Страница 10 из 25
Участником и исполнителем столь сложной операции должен был быть не просто опытный, а лишь опытнейший и бывалый диверсант, каковым ни в двадцать лет, ни в двадцать пять не становятся. И подобная операция, да еще в чужом (хотя, возможно, и знакомом по годам оккупации) военном порту не могла быть делом не только одного, но даже трех, а то и пяти человек. Взрыв, он произошел в носовой части корабля, был такой силы, что прошил корпус линкора снизу вверх насквозь, пробив даже верхнюю палубу. А затем, через точно рассчитанные мгновения, последовал и второй, профессионально «усилительный» взрыв, сделав разрушения необратимо гибельными. И такого рода последовательность, гарантирующая максимальную результативность подрыва, неопровержимо свидетельствует о непосредственном контроле над этой гибельной ситуацией и о профессиональном опыте и почерке взрывников. О какой мине военного времени здесь может идти речь? Хотя справедливости ради нельзя не сказать, что в глубине илового слоя бухты и после гибели «Новороссийска» были обнаружены невзорвавшиеся мины, а некоторые из них – даже в чрезвычайной близости от места гибели линкора.

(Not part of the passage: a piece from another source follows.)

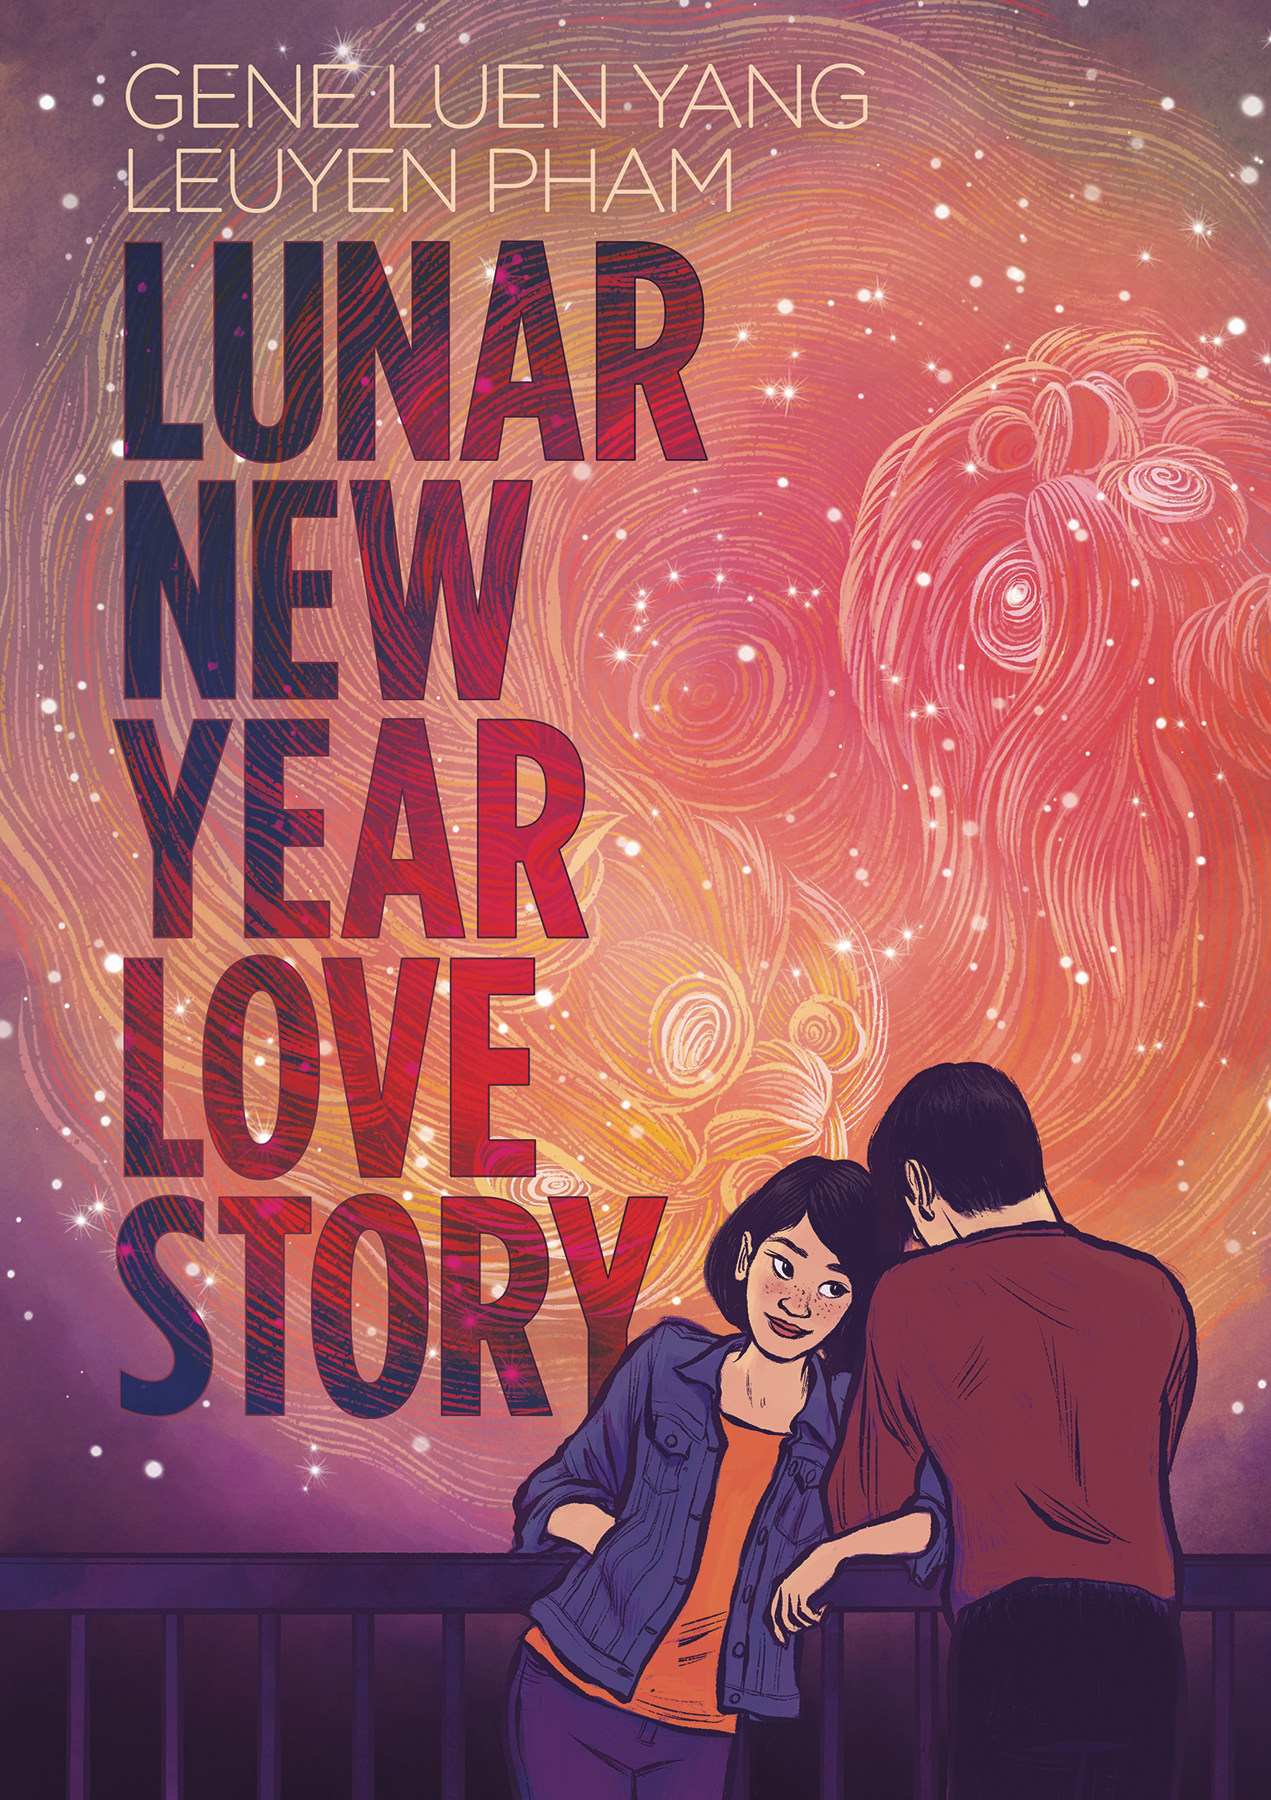 Lunar New Year Love Story Graphic Novel

Подсчитанный впоследствии специалистами взрывной эквивалент того, что произошло, – соответствовал не менее чем тонне тротила… Но одна лишь подводная и скрытная транспортировка такого груза, это, конечно, уровень квалификации высочайший, и это даже при возможности доставки такого груза в виде модифицированной торпеды (смотри картинку), которая внешне напоминает скорей какой-то подводный мотороллер, нежели адскую машину. Но доставить до места – это еще лишь самое начало трудностей… А если сюда добавить черную осеннюю ночь, десятиметровый слой донного ила, взболтанный винтами линкора буквально накануне, поскольку линкор, оказывается, еще не сразу встал, сначала промахнувшись мимо своей бочки… То есть малый назад, винты линкора на реверс, малый вперед, снова малый назад, и под килем уже не вода, а густая муть… А над этой мутью черная осенняя ночь.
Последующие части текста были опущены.